ASOs targeting exon 53 of dystrophin pre-mRNA on the Duchenne muscular dystrophy (DMD) gene alter pre-mRNA splicing by removing specific exons in the dystrophin mRNA during the splicing process. The ASO hides the exon splicing sites from the splicing machinery and restores the reading frame of the transcript. Examples are the FDA-approved phosphorodiamidate morpholino ASOs viltolarsen and golodirsen.

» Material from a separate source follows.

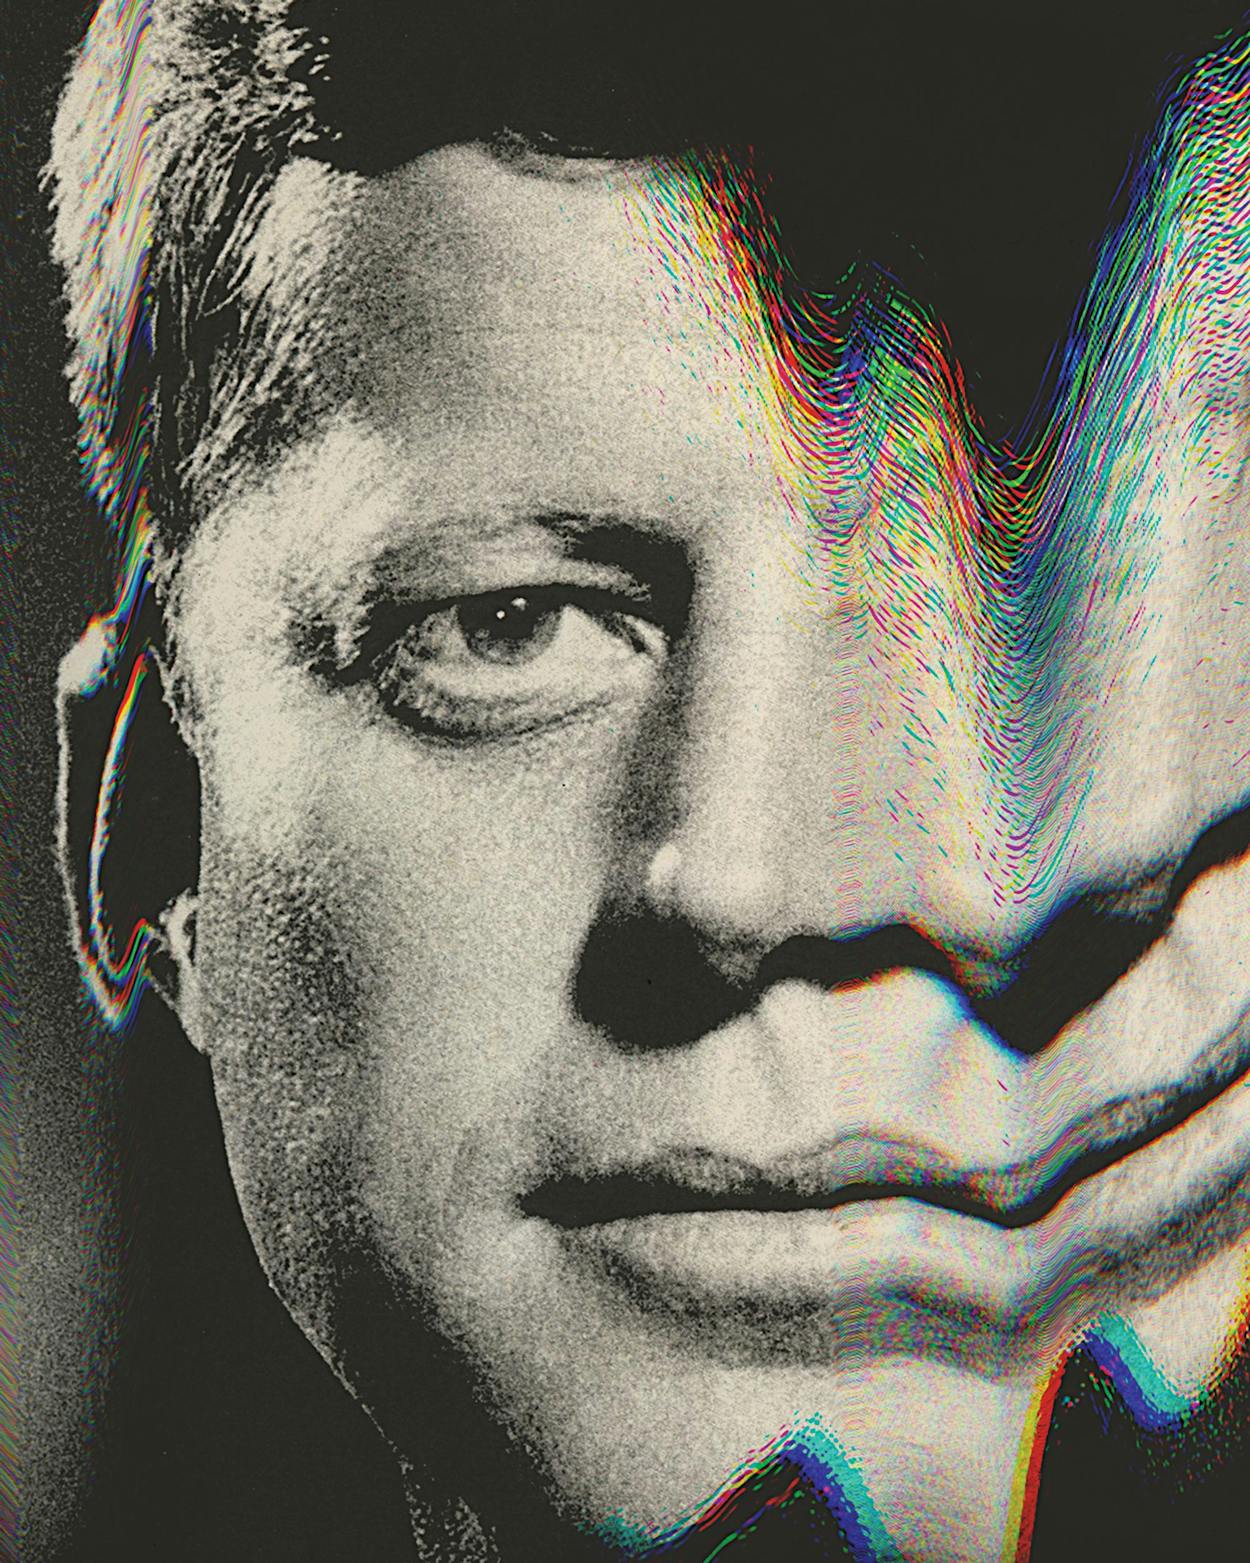 John-F-Kennedy-Assassination-Dallas-60-year-anniversary-hero

Duchenne muscular dystrophy is a severe muscle degenerative X-linked allelic disorder resulting in the absence of functional dystrophin. The human gene called dystrophin (DMD) spans 24 kb of genomic DNA with its 79 exons. It encodes dystrophin, a 427 kDa protein localized on the cytoplasmic side of the sarcolemma of skeletal and cardiac muscle fibers and the cortical/cerebellar synapses.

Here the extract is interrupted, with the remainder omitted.